Configure Impala Daemon to spill to Ozone
You can use Ozone as a scratch space for writing intermediate files during large sorts, joins, aggregations, or analytic function operations.
Before you begin
- Identify the Ozone scratch directory where you want your new Impala to write the temporary data.
- Identify the IP address, host name, or service identifier of Ozone.
- Identify the port number of the Ozone Manager (if not-default).
Configuring the Start-up Option in Impala daemon
You can use the Impalad start option scratch_dirs
to specify the locations of the
intermediate files.
--scratch_dirs="ofs://authority/path(:max_bytes), local_buffer_dir (,local_dir…)"
- Where
ofs://authority/path
is the remote directory. authority
may includeip_address
orhostname
andport
, orservice_id
.max_bytes
is optional.
Using the above format:
- You can specify only one remote directory.
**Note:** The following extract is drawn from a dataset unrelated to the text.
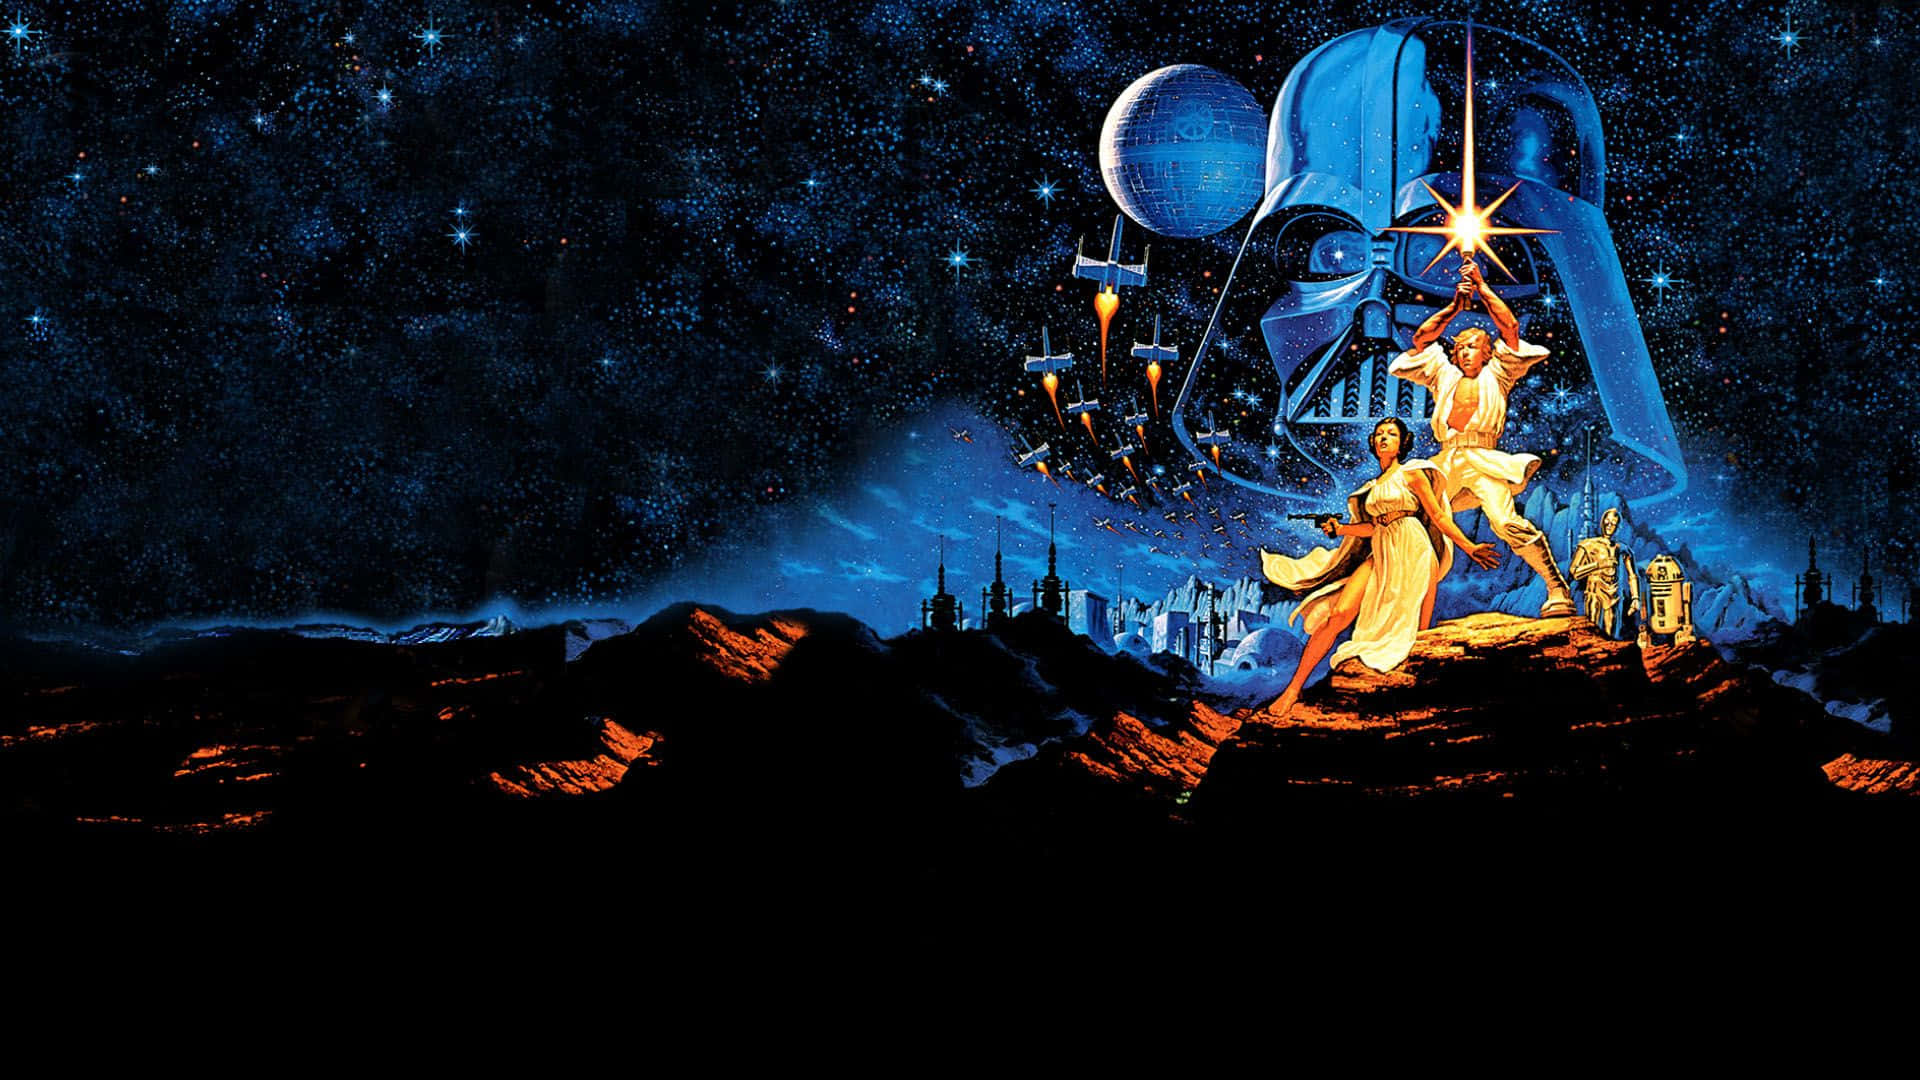 Impresionanteescena De Batalla De Star Wars Que Presenta Emblemáticas Naves Espaciales En Una Confrontación Cósmica.

When you configure a remote directory, you must specify a local buffer directory as the buffer. However you can use multiple local directories with the remote directory. If you specify multiple local directories, the first local directory would be used as the local buffer directory.
- If you configure both remote and local directories, the remote directory is only used when the local directories are fully utilized.
- The size of a remote intermediate file could affect the query performance, and the
value can be set by
--remote_tmp_file_size=size
in the start-up option. The default size of a remote intermediate file is 16MB while the maximum is 512MB.
Examples
- An Ozone scratch dir with one local buffer dir, file size 64MB. The space of Ozone
scratch dir is limited to 300G.
--scratch_dirs=ofs://10.0.0.49:29000/tmp:300G,/local_buffer_dir --remote_tmp_file_size=64M
- An Ozone scratch dir with one local buffer dir limited to 512MB, and one local dir
limited to 10GB. The space of Ozone scratch dir is limited to 300G. The Ozone Manager
uses its default port (9862).
--scratch_dirs=ofs://ozonemgr/tmp:300G,/local_buffer_dir:512M,/local_dir:10G
- An Ozone scratch dir with one local buffer dir, and multiple prioritized local dirs. The
space of Ozone scratch dir is unlimited. The Ozone service identifier is
ozone1
.--scratch_dirs=ofs://ozone1/tmp,/local_buffer_dir,/local_dir_1:5G:1,/local_dir_2:5G:2
Even though max_bytes is optional, it is highly recommended to configure for spilling to Ozone because the Ozone cluster space is limited.